Yup. You are right, the check is redundant. We only consider
STOP_INST_FAST states for default in power9_idle_init(). Will fix this
and move initialization of ppc_md.power_save to the init function.


>
>
> > diff --git a/arch/powerpc/platforms/powernv/powernv.h b/arch/powerpc/platforms/powernv/powernv.h
> > index 6130522..9acd5eb 100644
> > --- a/arch/powerpc/platforms/powernv/powernv.h
> > +++ b/arch/powerpc/platforms/powernv/powernv.h
> > @@ -18,6 +18,7 @@ static inline void pnv_pci_shutdown(void) { }
> > #endif
> >
> > extern u32 pnv_get_supported_cpuidle_states(void);
> > +bool pnv_check_deepest_stop(void);
> > extern u64 pnv_deepest_stop_psscr_val;
> > extern u64 pnv_deepest_stop_psscr_mask;
> >
> > diff --git a/arch/powerpc/platforms/powernv/smp.c b/arch/powerpc/platforms/powernv/smp.c
> > index 8d5b99e..3f66e6f 100644
> > --- a/arch/powerpc/platforms/powernv/smp.c
> > +++ b/arch/powerpc/platforms/powernv/smp.c
> > @@ -140,6 +140,7 @@ static void pnv_smp_cpu_kill_self(void)
> > unsigned int cpu;
> > unsigned long srr1, wmask;
> > u32 idle_states;
> > + bool deepest_stop_found;
> >
> > /* Standard hot unplug procedure */
> > local_irq_disable();
> > @@ -155,6 +156,7 @@ static void pnv_smp_cpu_kill_self(void)

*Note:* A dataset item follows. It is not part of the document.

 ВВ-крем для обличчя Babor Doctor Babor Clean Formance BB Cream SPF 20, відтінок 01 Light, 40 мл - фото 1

> > wmask = SRR1_WAKEMASK_P8;
> >
> > idle_states = pnv_get_supported_cpuidle_states();
> > + deepest_stop_found = pnv_check_deepest_stop();
> >
> > /* We don't want to take decrementer interrupts while we are offline,
> > * so clear LPCR:PECE1. We keep PECE2 (and LPCR_PECE_HVEE on P9)

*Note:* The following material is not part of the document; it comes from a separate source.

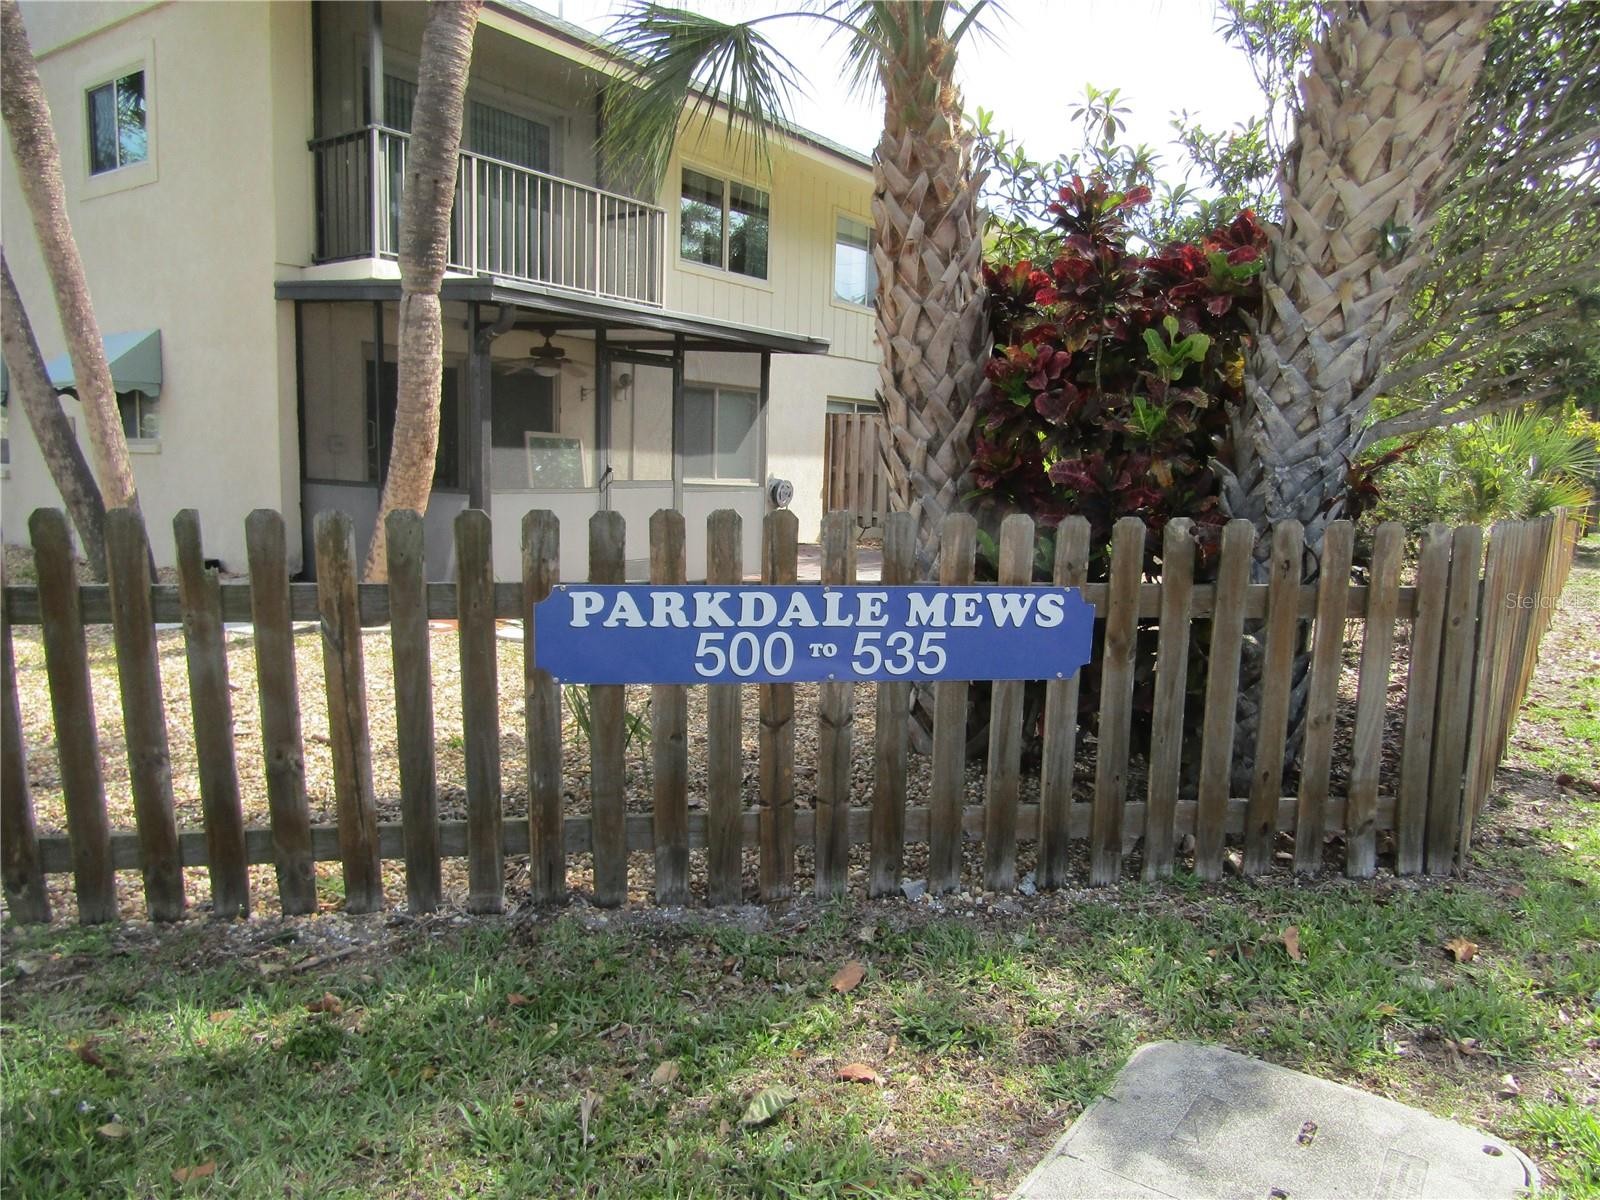 509 Parkdale Mews #509 Venice Florida 34285

> > @@ -184,7 +186,11 @@ static void pnv_smp_cpu_kill_self(void)
> >
> > ppc64_runlatch_off();
> >
> > - if (cpu_has_feature(CPU_FTR_ARCH_300)) {
> > + if (cpu_has_feature(CPU_FTR_ARCH_300) && deepest_stop_found) {
> > + pr_info("CPU %u offlining with psscr = 0x%016llx\n",
> > + cpu, pnv_deepest_stop_psscr_val);
> > + pr_info("CPU%d down paca pir %016x pir %lx\n",
> > + cpu, hard_smp_processor_id(), mfspr(SPRN_PIR));
>
> How much log info is appropriate here?

This should have been pr_debug. I will clean up this part.

>
> > srr1 = power9_idle_stop(pnv_deepest_stop_psscr_val,
> > pnv_deepest_stop_psscr_mask);
> > } else if (idle_states & OPAL_PM_WINKLE_ENABLED) {
>
--
Thanks and Regards
gautham.